# Gen 2 diesel tune ?



## mr overkill (Dec 1, 2013)

So has anyone actually installed a tune yet and results?


----------



## HondaTech2016 (Apr 20, 2017)

OZ Tuning mentioned EFI Live on their Facebook. Maybe he's got something in the works.


----------



## snowwy66 (Nov 5, 2017)

Looks like OZ specializes in Fords. LIke Trifecta specializes in Chevy's.


----------



## sledstorm1 (Mar 9, 2017)

snowwy66 said:


> Looks like OZ specializes in Fords. LIke Trifecta specializes in Chevy's.


I'm not sure what OZ you are looking at, check out this one. http://www.oztuner.com

Sent from my SM-G955U using Tapatalk


----------



## snowwy66 (Nov 5, 2017)

sledstorm1 said:


> I'm not sure what OZ you are looking at, check out this one. Home page
> 
> Sent from my SM-G955U using Tapatalk


This is what google gave me

https://tuningbyoz.com/


----------



## sledstorm1 (Mar 9, 2017)

snowwy66 said:


> This is what google gave me
> 
> https://tuningbyoz.com/


OZ tunner is part of Fleece Performance. https://fleeceperformance.com 

Sent from my SM-G955U using Tapatalk


----------



## HondaTech2016 (Apr 20, 2017)

https://m.facebook.com/story.php?story_fbid=1803004940028634&id=1665968087065654&__tn__=*s*s-R

This was the OZ Tuner I was referring to.


----------



## HondaTech2016 (Apr 20, 2017)

I emailed OZ last night, wasn't expecting a reply this morning. Super fast service! 

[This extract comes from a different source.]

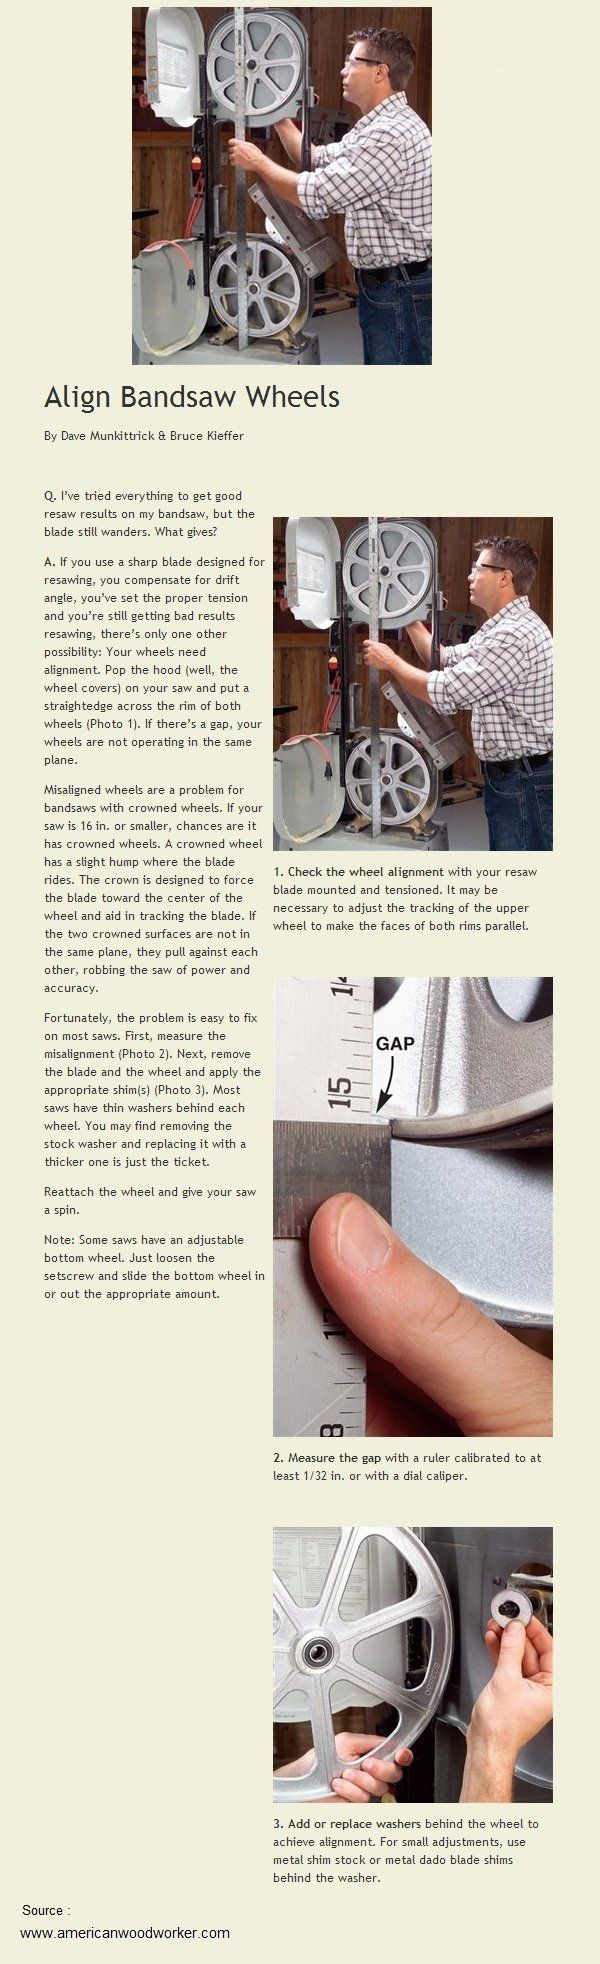 Align Bandsaw Wheels | WoodworkerZ.com

The said their waiting on EFILive to release locking capabilities for it. Could have something for egr block off by the end of the year.


----------



## bnoon (Feb 7, 2018)

HondaTech2016 said:


> I emailed OZ last night, wasn't expecting a reply this morning. Super fast service!
> 
> The said their waiting on EFILive to release locking capabilities for it. Could have something for egr block off by the end of the year.


End of the year?!?!? That sucks!


----------



## mr overkill (Dec 1, 2013)

Same thing he told me last month


----------